Черт мужского полу растворился. Но черт-Благодетельница продолжал гнуть свою линию:
— Могу! Не мне объяснять, слух и зрение подсказали, что сам Дьявол дал мне Ликом, называя Помазанницей! — гордо продолжал говорить он, обращаясь к исчезнувшим собеседникам. — Боится она меня что ли? — она как-то насмешливо подошла к месту, где была убогая, и будто бы погладила ее по голове. — Сердце у меня наполнено добротою, на весь мир хватит!
— Это я-то боюсь? — грозно прикрикнула на нее Манька, надеясь, что и эта растает. — Это ты, ты, гадина, меня боишься! Кто мне все свои радиопередачи посвятил? Кто мною людей пугает, убийствами, в которых сама повинна?! Кормит тебя Дьявол, поит, учит уму-разуму?!
Но тело черта стало уплотняться. Он вдруг подрос и был теперь размером в две Маньки. Схватив камень, черт бросил его, угодив ей в голову. Голова сразу наполовину сделалась чугунной, будто ее раздавили. Черт излучал самодовольство, самолюбование, спесивость — и Манька почувствовала, как черта распирают приятные ощущения, когда он унижал ее.
— Учил, учил! Тебе лишь объясняет, а меня сразу разумной сделал! Все его знания у меня в уме, а ты только слова слушаешь! — надменно и с усмешкой бросил черт, увидев ее саму. Теперь он смотрел прямо на Маньку, обнаруживал в ней все новые и новые недостатки, увеличивая пропасть между нею и своим совершенством. — Посмотри вокруг, кому столько дал, сколько мне? Даже по обычному человеку не дает тебе, а ты все придумываешь, как оправдать свою убогую жизнь! Вот у меня платья-то какие! — черт вытащил кучу барахла, и Манька отступила, освобождая ему место.
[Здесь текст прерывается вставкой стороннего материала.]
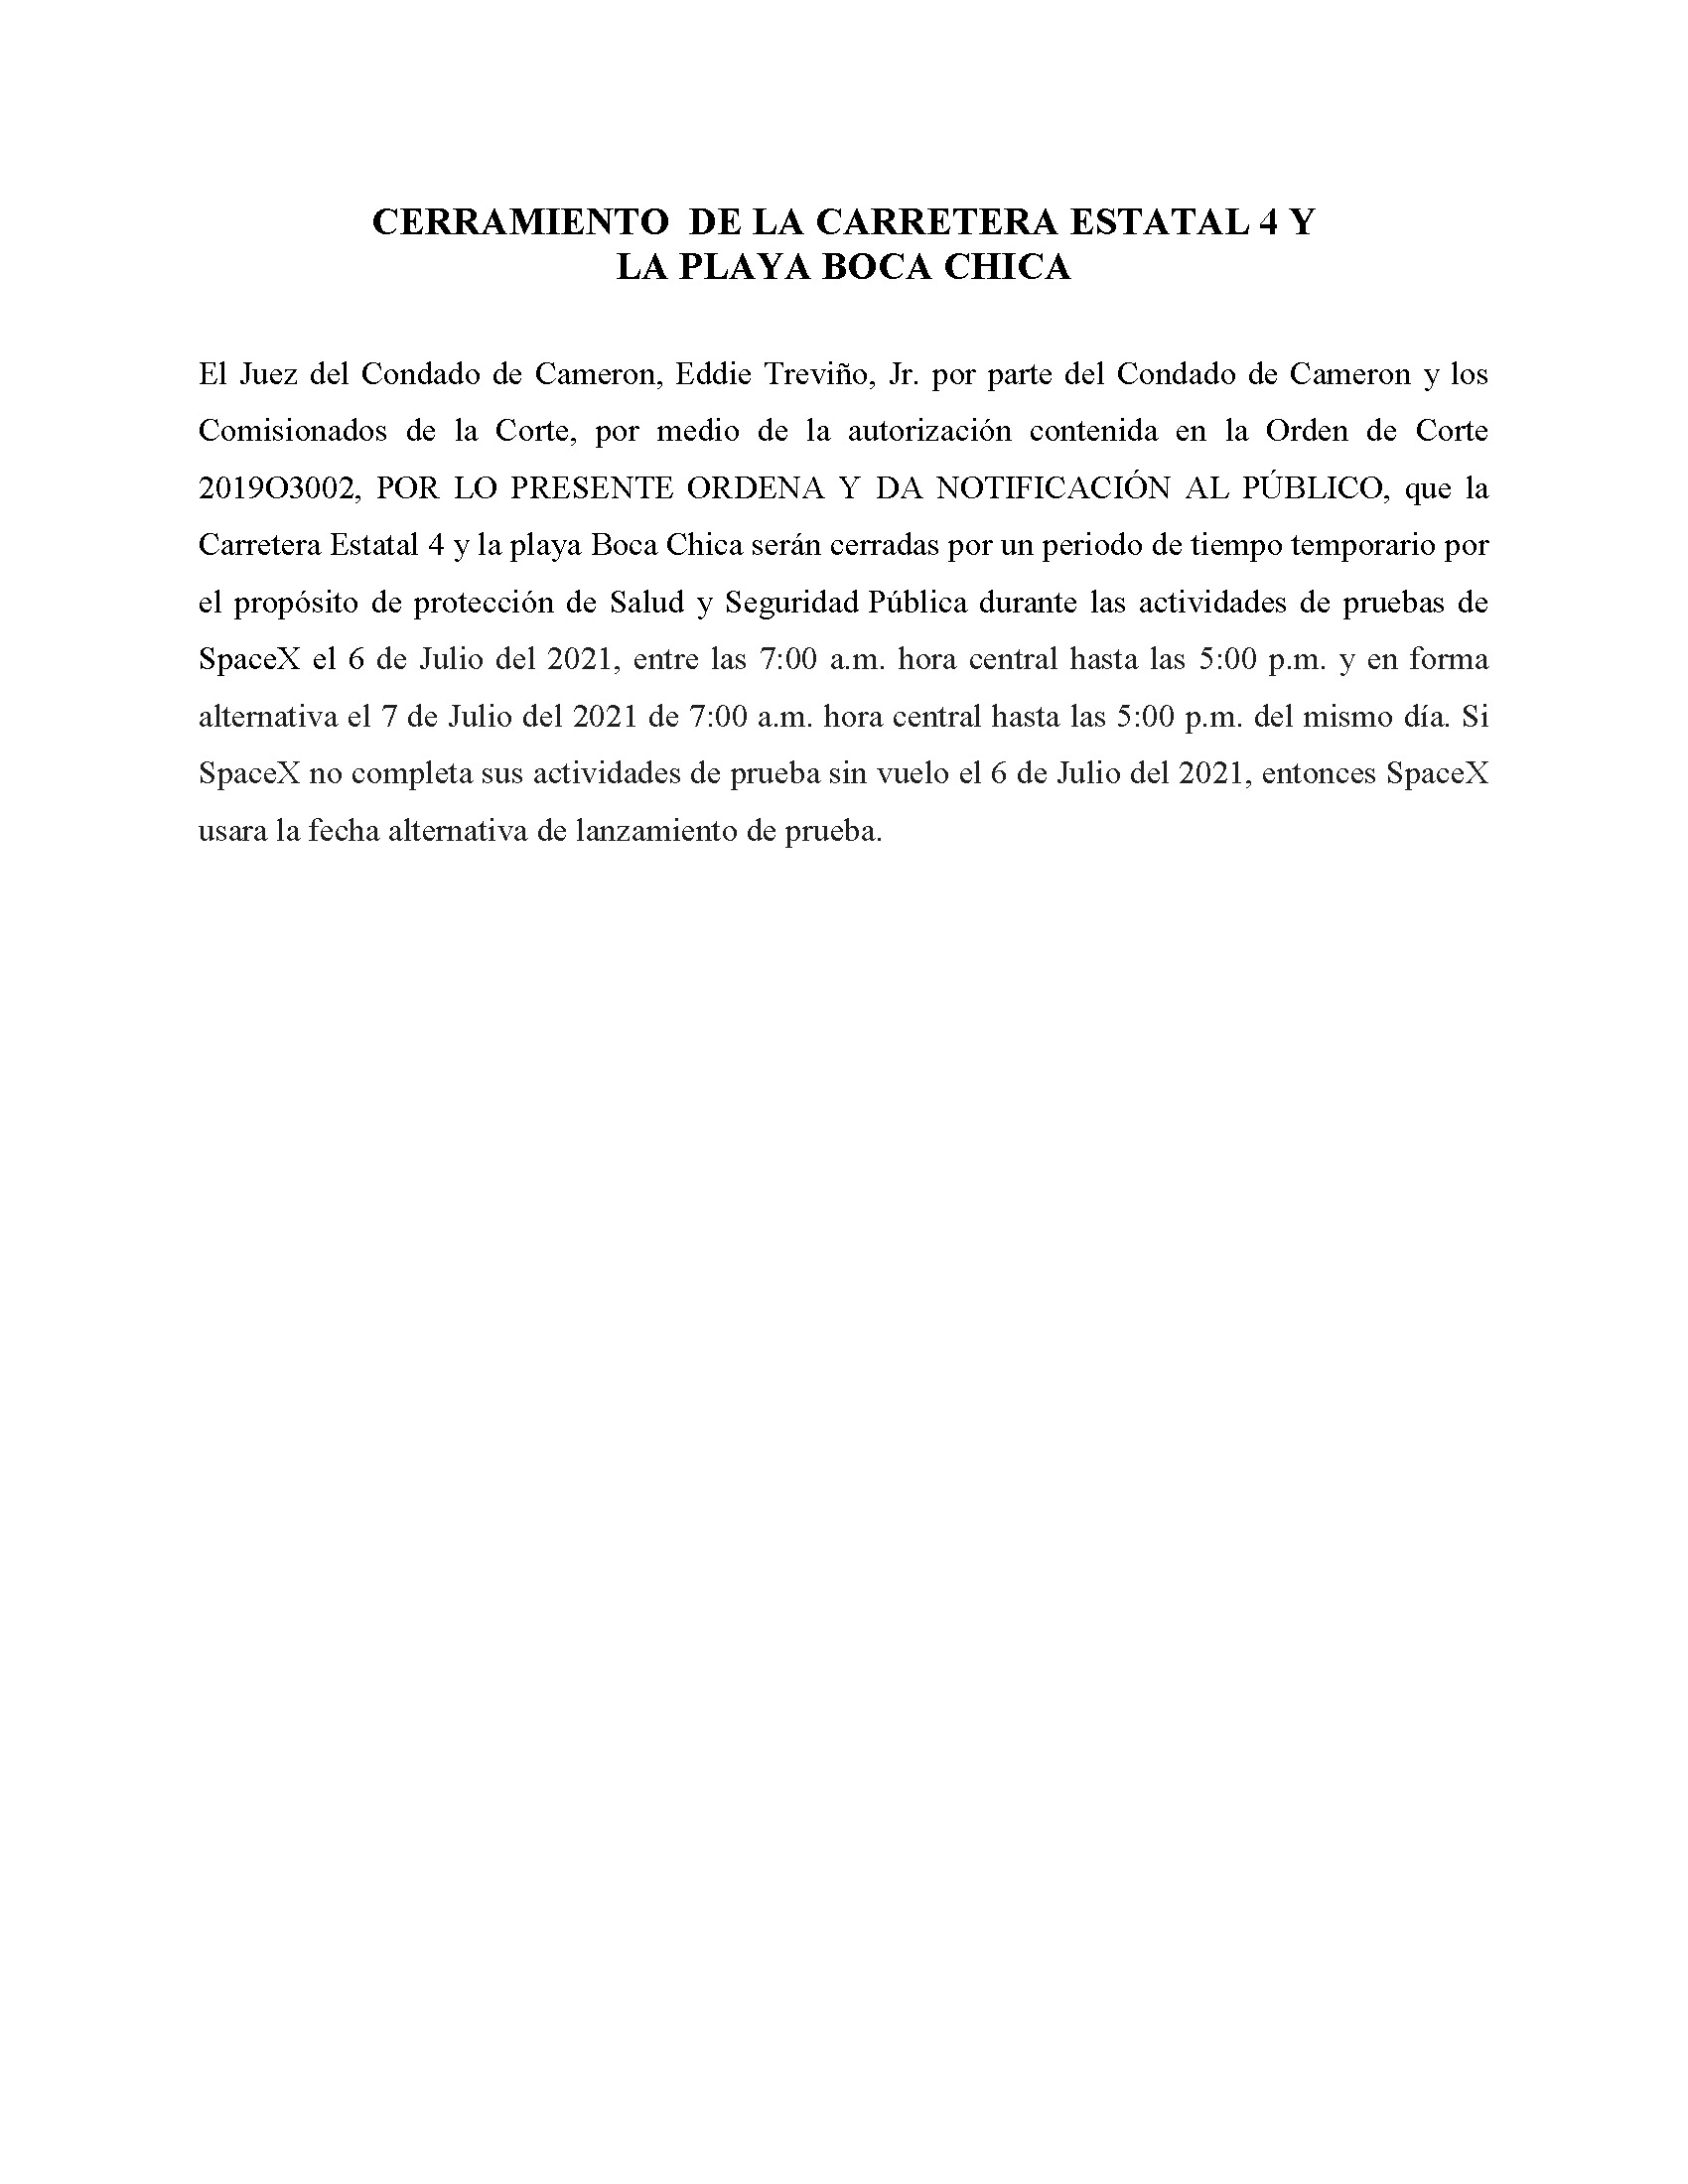 ORDER.CLOSURE OF HIGHWAY 4 Y LA PLAYA BOCA CHICA.SPANISH.07.06.2021

Платья у Благодетельницы были одно другого наряднее. — А еда у меня… вот! — и опять Манька увидела — стол, накрытый златом-серебром, и хрусталем, а на столе пития разные, фаршированные поросята и щуки, и фрукты заморские, и вина, и соусы в тончайшего фарфора масленках. — И люди предо мною коленопреклоненные! — и снова Манька увидела, как встают люди на колени…
И еще один камень ударил в грудь и достал до сердца.
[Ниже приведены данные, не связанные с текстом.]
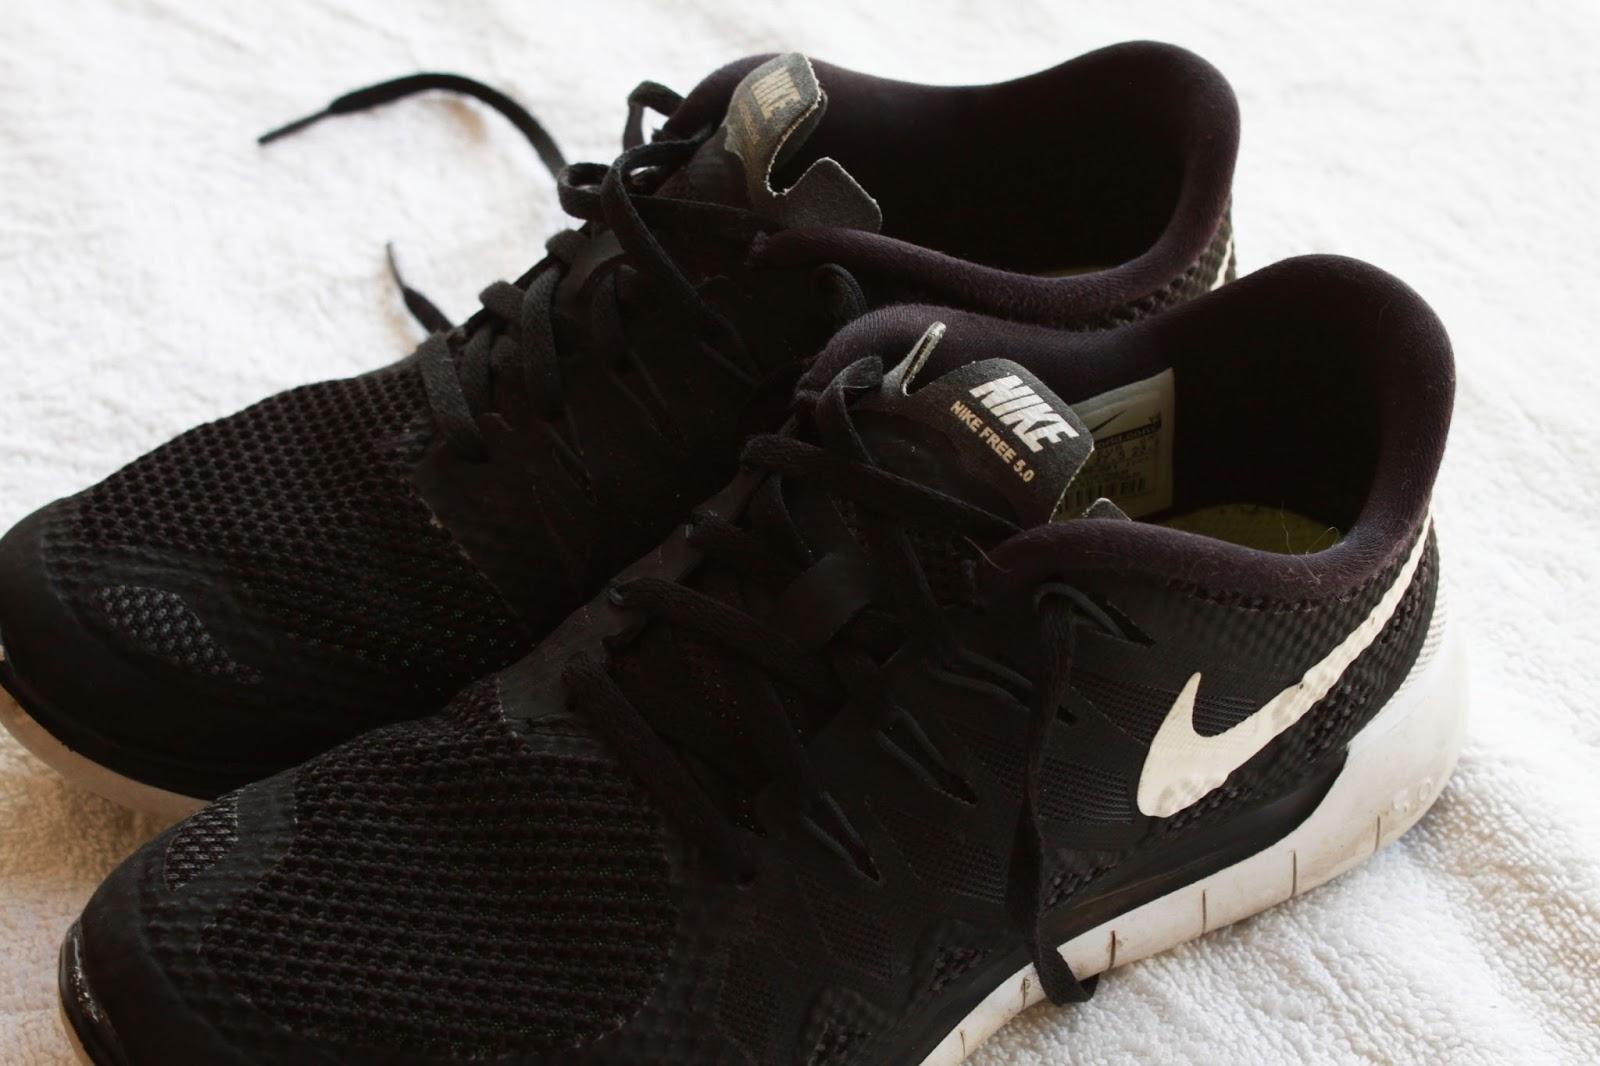 Women's Nike Free Run 5.0 Black and White

Никогда Дьявол не объяснял ей, как надо людей мучить. Ей не надо мучить, а только бы чуть-чуть умнее. Черт уже вырос, да так, что заполнил собой пещеру, которая стала шире, обнажая камни, ушла вглубь. Маньке очень захотелось повернуться к черту лицом, но она удержала себя, сообразив, что сделала что-то не так…
— Я никогда бы не смогла людей убивать, как ты, — сказала Манька, но уверенности в ее голосе не было.
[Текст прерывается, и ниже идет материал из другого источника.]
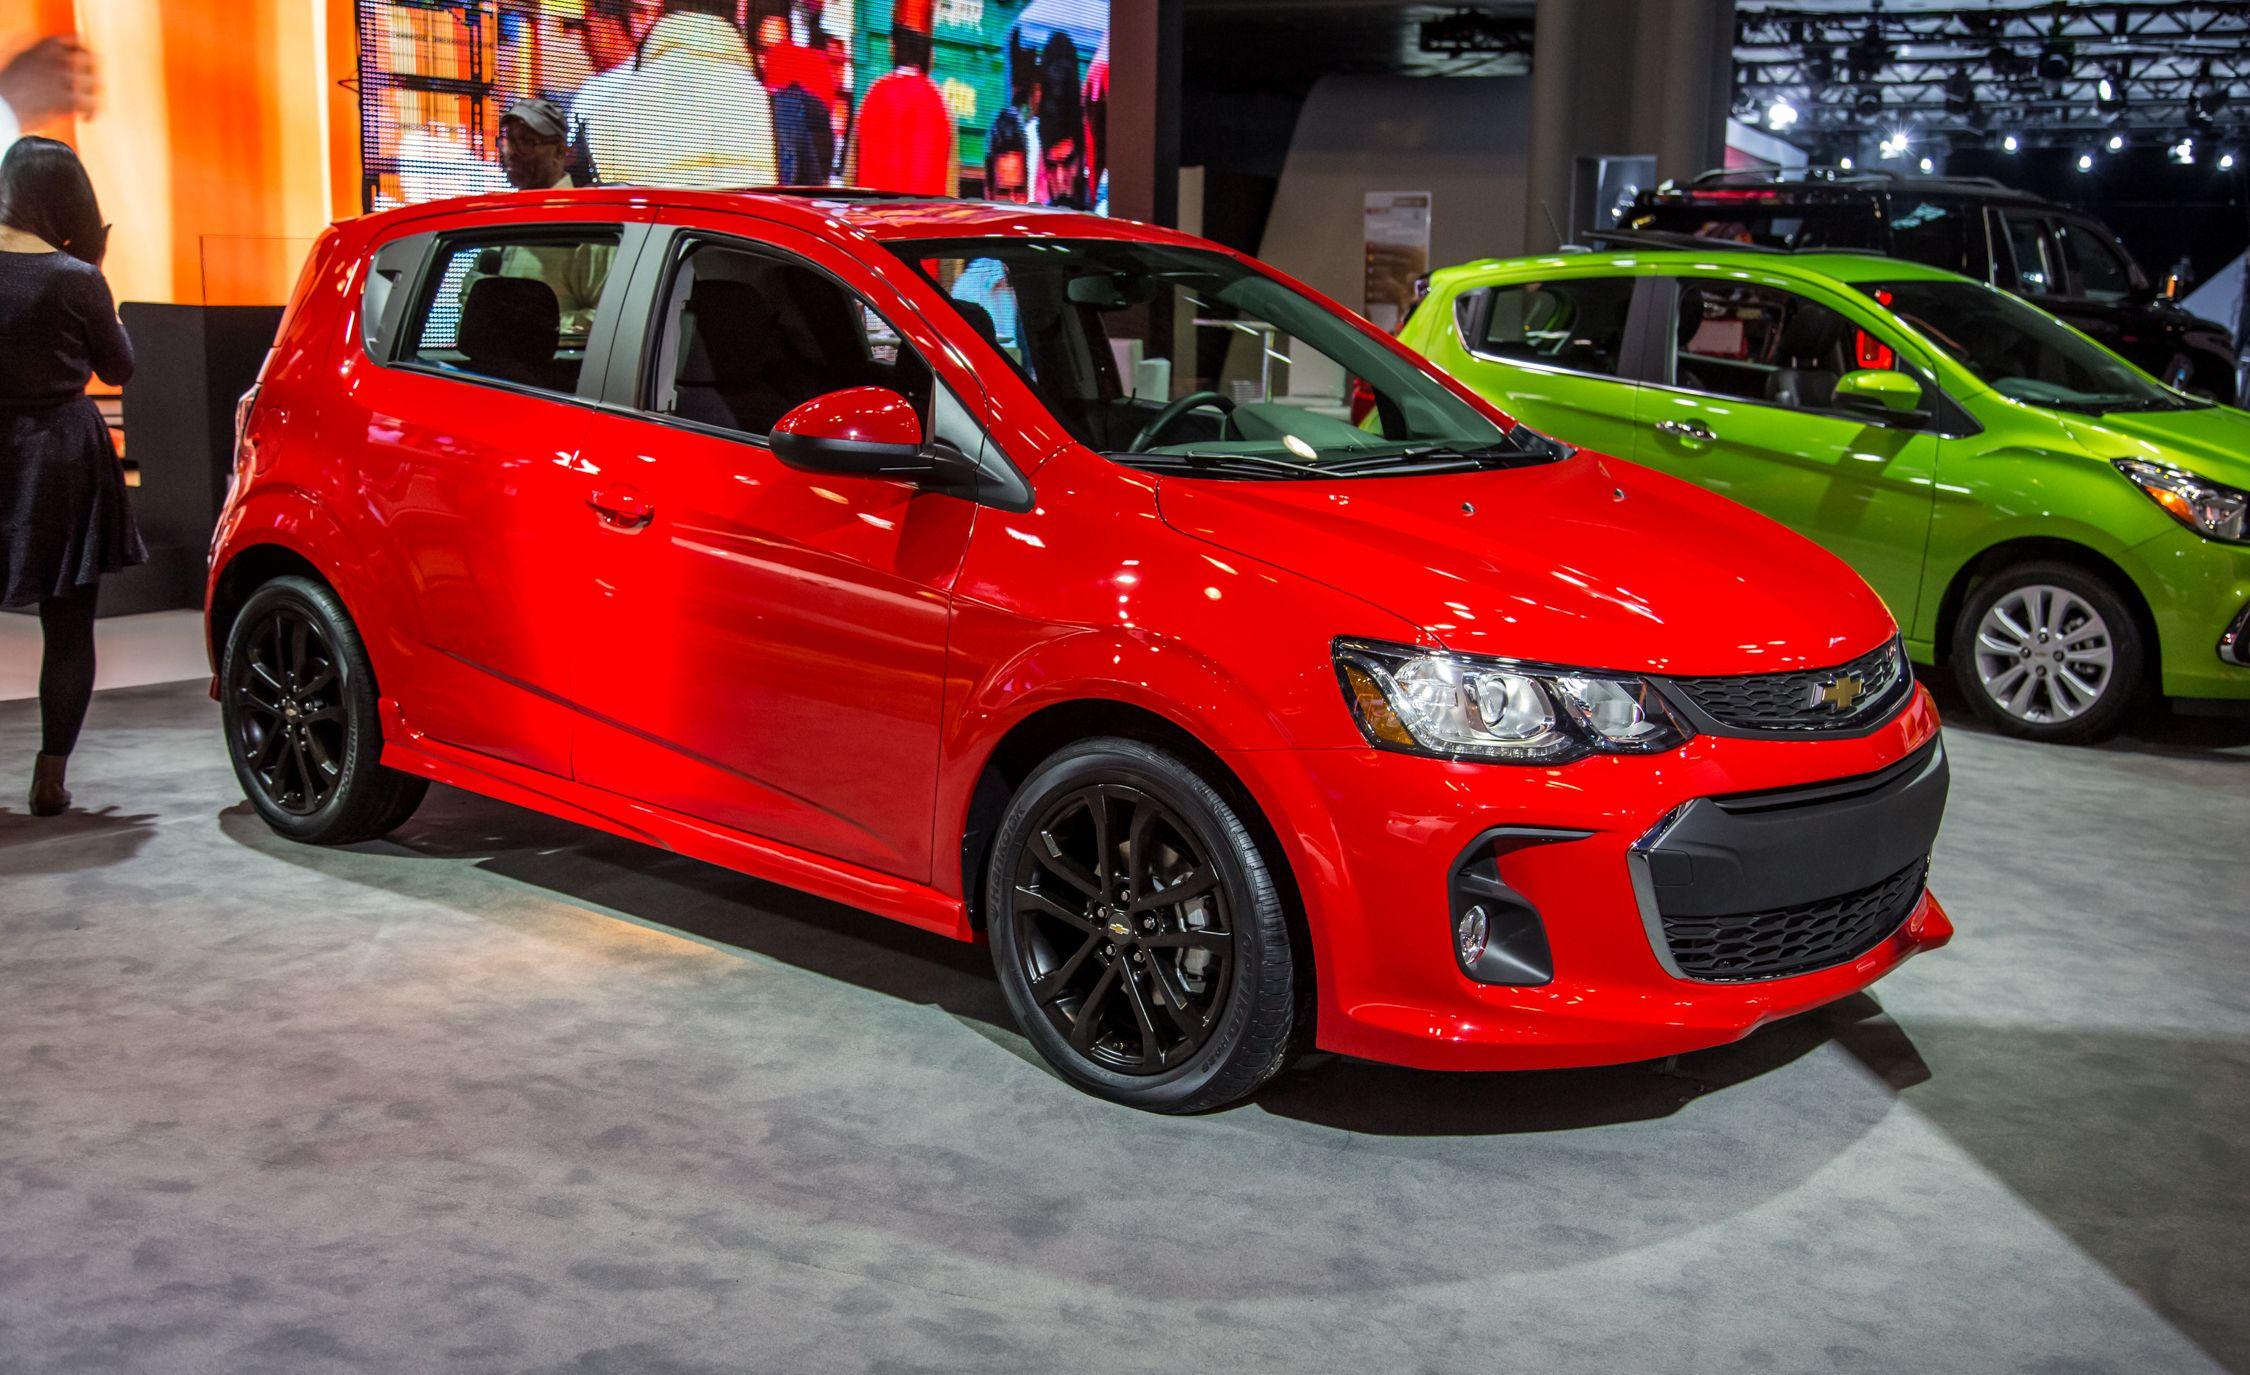 2017 Chevrolet Sonic: Fresh Looks, New Tech

— Ума нет, вот ты и не можешь! Таким, как ты, разве дано унижать людей? Ты ж сама униженная! — засмеялся черт. Теперь он был со всех сторон, умнея на глазах. — Мы люди, нам много дано, мы правим миром, и если для этого должно пожертвовать скотом, что ж, для того он и существует… Разве ради тебя мог бы он, муж мой, твой половинчатый супермен,
отказаться от всего что имеет со мной? Какой имидж ты могла бы ему создать? Кто соблазнится местом на помойке? Меня люди видят, слетаются ко мне, как мотыли на свет! А ты, разве хоть один человек удостоил тебя вниманием? Муж мой только отделил свою голову от твоей… И вот, немного оказалось у тебя своего ума! — черт рассмеялся. — Хлев свой скотский помнишь ли? Не было у тебя ничего, и не будет, куда скот поставлю, там и стоять будет!«Вот я и проиграла», — подумала Манька, закусив губу до крови, багровея в лице.
— Маня, разве я сомневаюсь, что ты справишься? — издалека долетел голос Дьявола. — Что ж ты наделила черта живительной силой? Или мы уже во дворце у Благодетельницы? Кому как не мне знать, кому и сколько я даю! Если у тебя слева пессимисты, справа оптимисты, надо думать, по имиджу получил человек, но было бы наоборот — и было бы наоборот!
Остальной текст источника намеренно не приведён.